Following the United States' announcement to intensify military actions against Iran, the global base metals market experienced a significant pullback on Thursday. LME three-month copper fell by 1.06% to $12,305 per ton, ending its recent run of gains. This price fluctuation not only reflects the risk-averse retreat of macro funds but also profoundly reveals the potential impact of prolonged geopolitical conflicts on the global manufacturing supply chain. When faced with the rising risk of energy prices such as crude oil, both smelting costs of industrial metals and downstream demand expectations are being re-evaluated. Although the domestic main contract of Shanghai Copper showed relative resilience with a drop of 0.68%, the cautious sentiment throughout the industrial chain's upstream and downstream has become evident in the divergence of the market.
Upstream Supply Expectations and Smelting Cost Game
The sharp rise in Middle Eastern geopolitical tensions is being transmitted through the energy price channel to the upstream smelting sectors of non-ferrous metals. The smelting of base metals like copper, aluminum, and zinc heavily relies on electricity and fossil energy inputs. Although U.S. military actions are mainly concentrated in the Middle East region, the resulting global energy logistics disruptions and rising price centers will directly increase the marginal production costs of high-energy-consuming smelters in Europe and parts of Asia. However, this cost support has not been able to translate into price increases in the short term, as market concerns about terminal demand recession outweigh the pricing of supply-side cost increases. LME aluminum and zinc futures fell by 0.85% and 1.49%, respectively, indicating that in the face of macro systematic risks, funds prioritize avoiding pro-cyclical risks on the demand side rather than trading on the logic of supply-side costs.
Industrial Chain Transmission
The drastic fluctuations in the macro environment are quickly transmitting downstream along the metal industry chain. Taking copper and tin as examples, these metals are core foundational materials for global electrification and the electronics information industry. The single-day plunge of 3.44% in LME tin and 3.05% in Shanghai tin reflects the market's extreme pessimism regarding the recovery expectations of downstream demand in consumer electronics and semiconductor packaging. For primary copper processing companies in sectors such as cables, home appliances, and new energy vehicle components, the high-level oscillation of Shanghai Copper at 95,880 yuan combined with external macro risks leads to extreme caution in spot procurement. Many processing companies may choose to consume existing inventories and delay the signing of new long-term orders to avoid the unilateral exposure risk of price retreats from high levels. If downstream orders were to significantly reduce due to global economic recession expectations, the inventory accumulation pressure in the midstream of the industrial chain would become evident in the latter half of the second quarter.

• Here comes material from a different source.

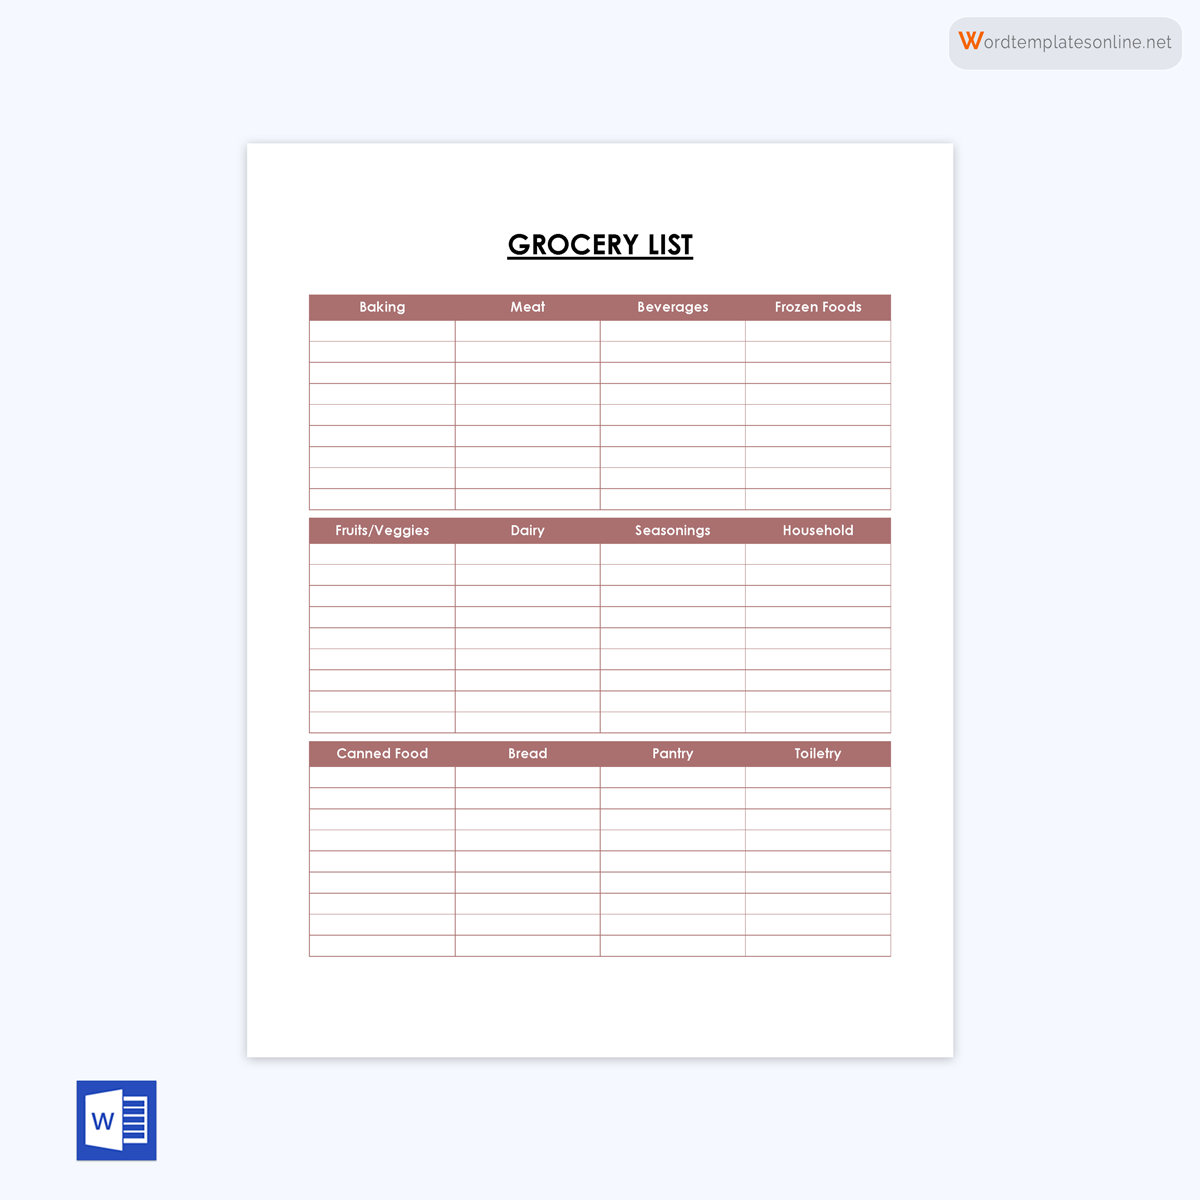 Sample Grocery List Template 05

Competitive Landscape and Regional Market Differentiation
In the context of geopolitical reshaping of the global trade landscape, the regional competition in the non-ferrous metals market is exhibiting new characteristics. The current data clearly shows the pricing differences between LME and SHFE when facing the same macro shock. The contrarian rise of 0.6% in Shanghai lead and the slight increase of 0.02% in Shanghai zinc demonstrate that certain small metal varieties in the domestic market, with relatively high self-sufficiency and supported by domestic microeconomic fundamentals, have a certain degree of independent pricing ability. Confronted with extreme uncertainty in overseas supply chains, major manufacturing countries such as China may accelerate the implementation of strategies for self-controlled key mineral resources and may prefer to build a more secure regional metal supply chain under a non-dollar pricing system. In the long term, if the LME system dominated by the dollar continues to be constrained by the severe fluctuations of the U.S. geopolitical cycle, the need for Asian industrial capital to enhance the pricing power of local futures exchanges will become increasingly urgent.